The first volume, published in Apr. 1972

The Book of ... is a series of speculative fiction collections originally published in paperback by DAW Books from 1972 to 1976.

==History==
The series consists of a succession of similarly-titled single-author short story collections, each gathering together representative samples of the short works of a particular authors then prominent in the field. According to John ONeill, DAW editor/publisher Donald A. Wollheim "more or less pioneered the idea" of such a series, first for Ace Books with an occasional series called "The Worlds of [author's name]" (continued sporadically by other editors after he left Ace), and then for DAW with the present sequence. The concept was later taken up and taken further by Ballantine/Del Rey and Pocket Books with their respective "Best of" series, both of them more ambitious than Wollheim's. ONeill notes that "Like most early DAW efforts though, [the "Book of" collections] were slender volumes; they're also not as numerous, and the packaging isn't nearly as attractive as the Del Rey books [in particular], so they aren't as collectible." Wollheim was also not averse to repackaging collections previously issued by other publishers for his series; a few of its volumes were merely new editions, retitled, of such works. But he was also willing to innovate on the single volume per author pattern he had established; in one instance, a featured author (Fritz Leiber) proved popular enough that an additional collection by that author was issued.

==Content==
The volumes often included a preface or introduction by the author or editor, and in a few instances some material contributed by others.
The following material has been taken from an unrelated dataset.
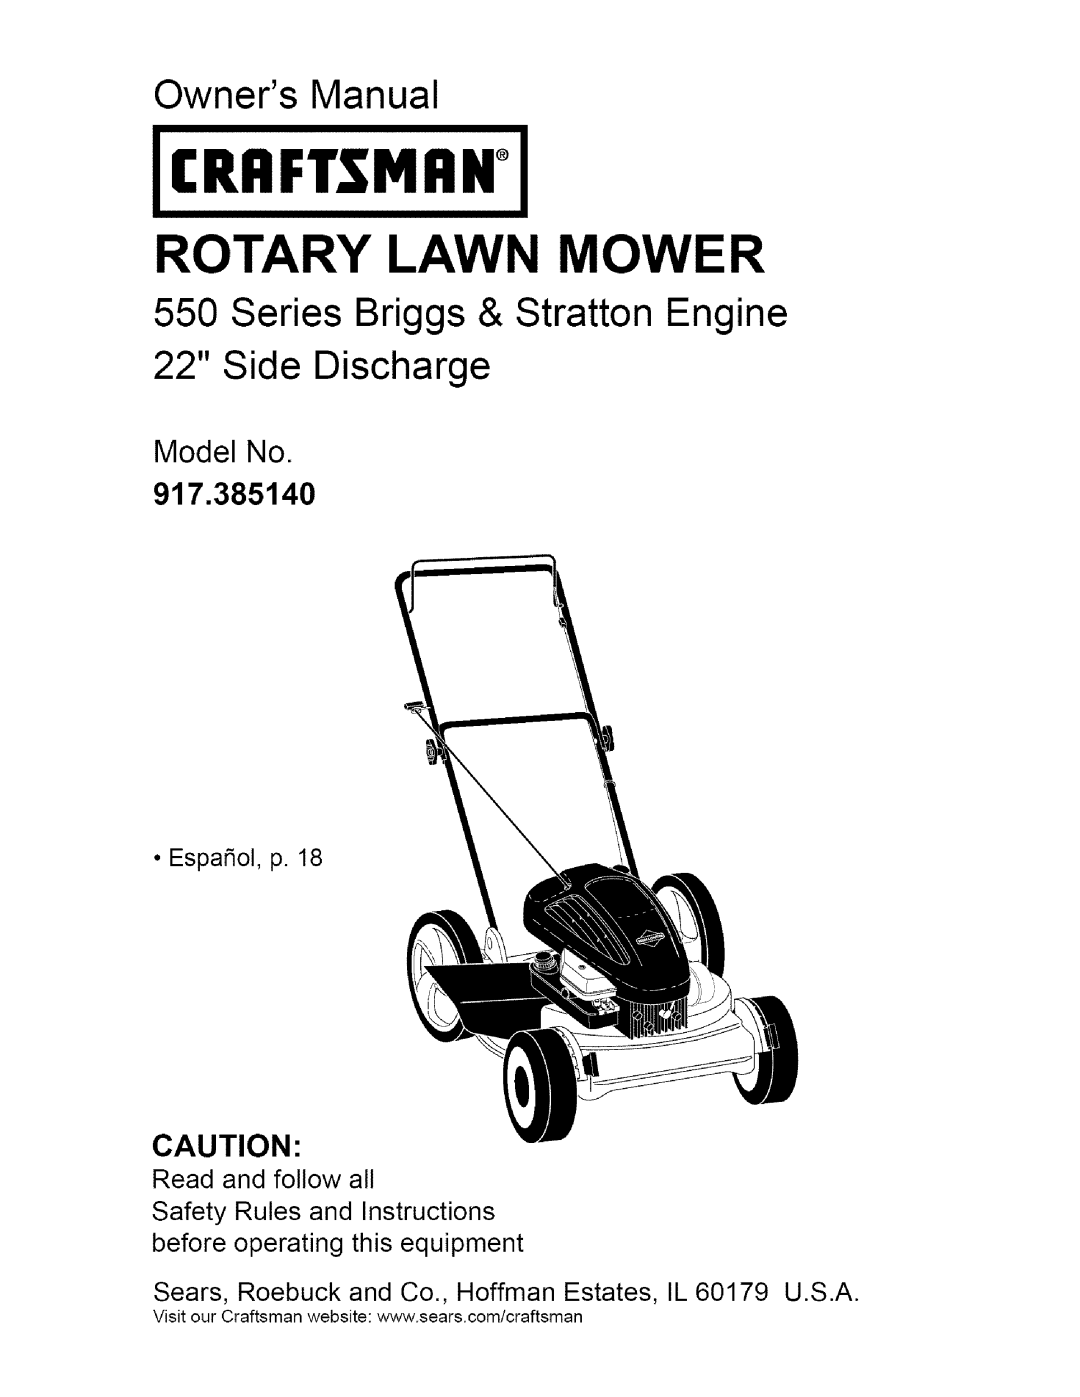 Craftsman 917.385140 owner manual Series Briggs & Stratton Engine, Model No, Crrftsmrn, Rotary Lawn Mower, Owners Manual 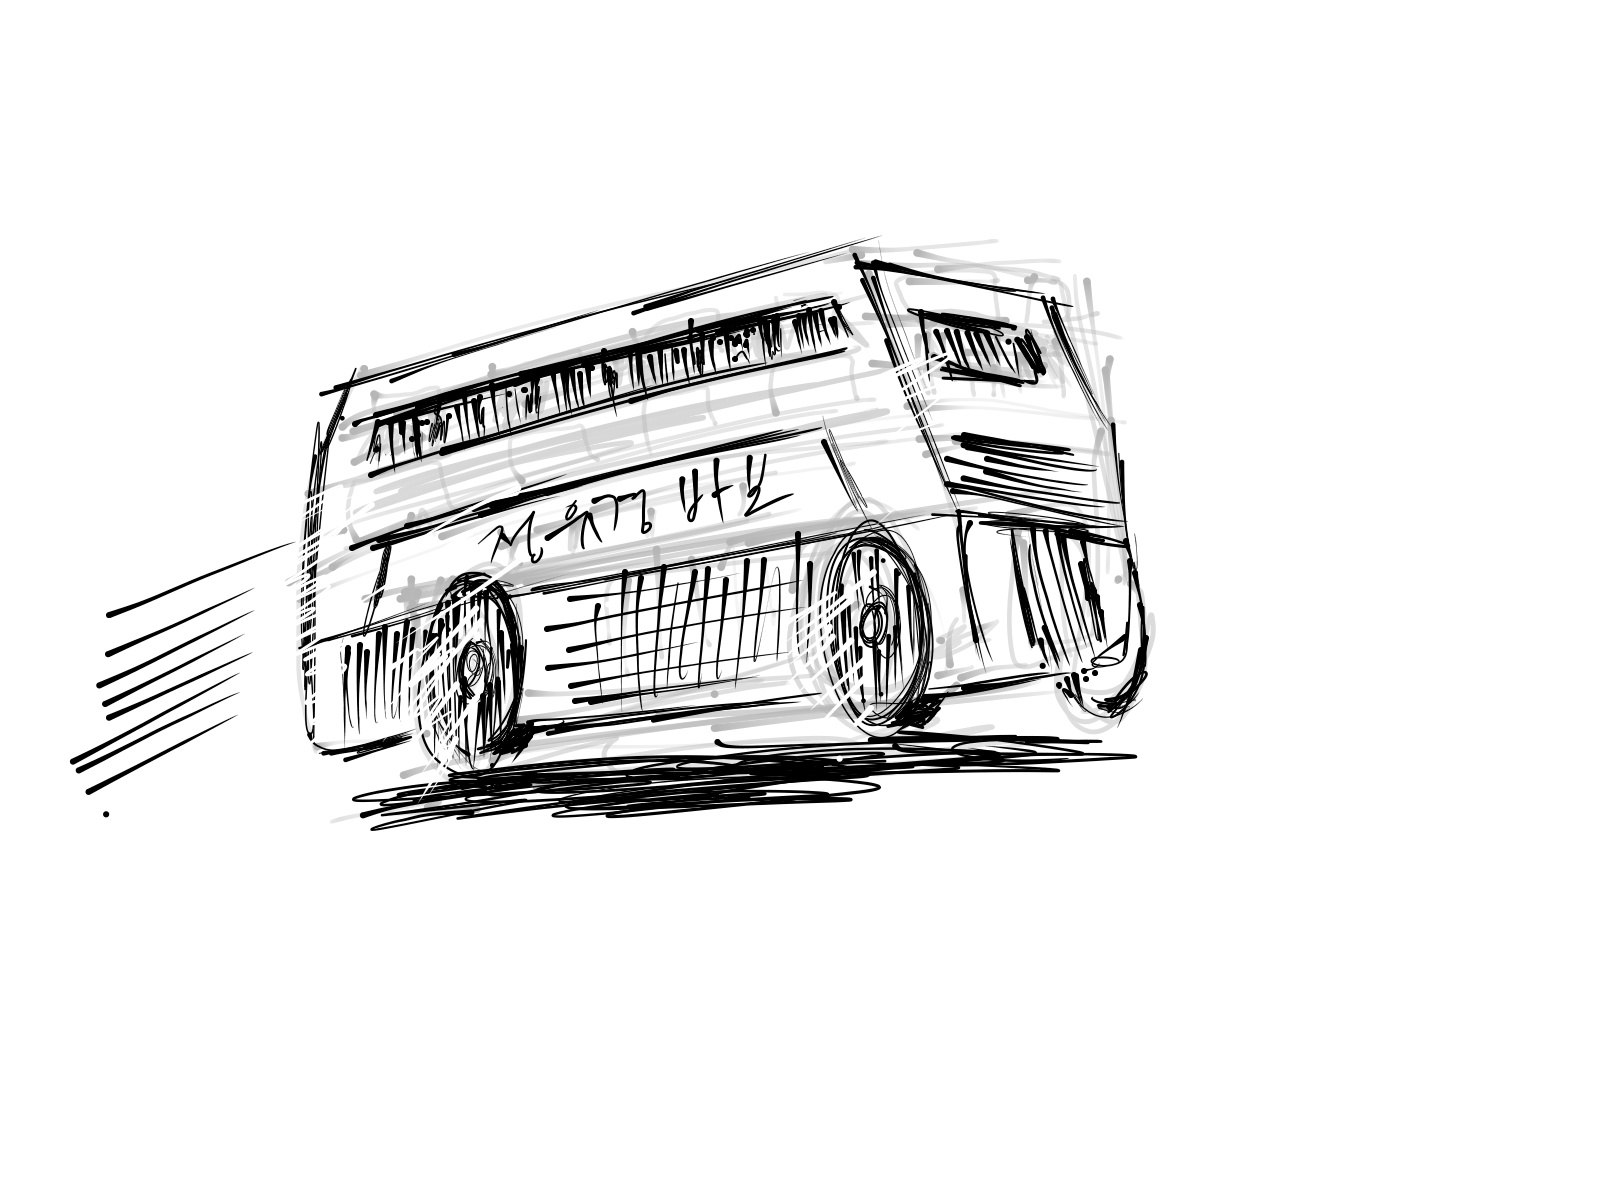 2017_01_06 Bus.jpg

Most volumes also had a frontispiece by artist Jack Gaughan, a frequent contributor of cover and interior art to early DAW publications.

==The series==
Author, DAW publication number, and publication date follow each title.

- The Book of van Vogt (A. E. van Vogt) (no. 4, Apr. 1972)
- The Book of Brian Aldiss (Brian Aldiss) (no. 29, Nov. 1972)
- The Book of Frank Herbert (Frank Herbert) (no. 39, Jan. 1973)
- The Book of Philip K. Dick (Philip K. Dick) (no. 44, Feb. 1973)
- The Book of Gordon Dickson (Gordon R. Dickson) (no. 55, May 1973)
- The Book of Philip José Farmer (Philip José Farmer) (no. 63, Jul. 1973)
- The Book of Fritz Leiber (Fritz Leiber) (no. 87, Jan. 1974)
- The Book of Saberhagen (Fred Saberhagen) (no. 136, Jan. 1975)
- The Book of Poul Anderson (Poul Anderson) (no. 153, Jun. 1975)
- The Second Book of Fritz Leiber (Fritz Leiber) (no. 164, Sep. 1975)
- The Book of Andre Norton (Andre Norton) (no. 165, Oct. 1975)
- The Book of John Brunner (John Brunner) (no. 177, Jan. 1976)

==Comparable series==
Of the similar sequences of single author series issued by other publishers, Ace Books's [[Ace Books's Worlds of ... series|The Worlds of [author's name] series]] ran from 1966-1983, Ballantine/Del Rey's [[Ballantine's Classic Library of Science Fiction|Best of [author's name] series]] ran from 1974 to 1988, and Pocket Books's [[Pocket Books's Best of ... series|Best of [author's name] series]] ran from 1976 to 1982.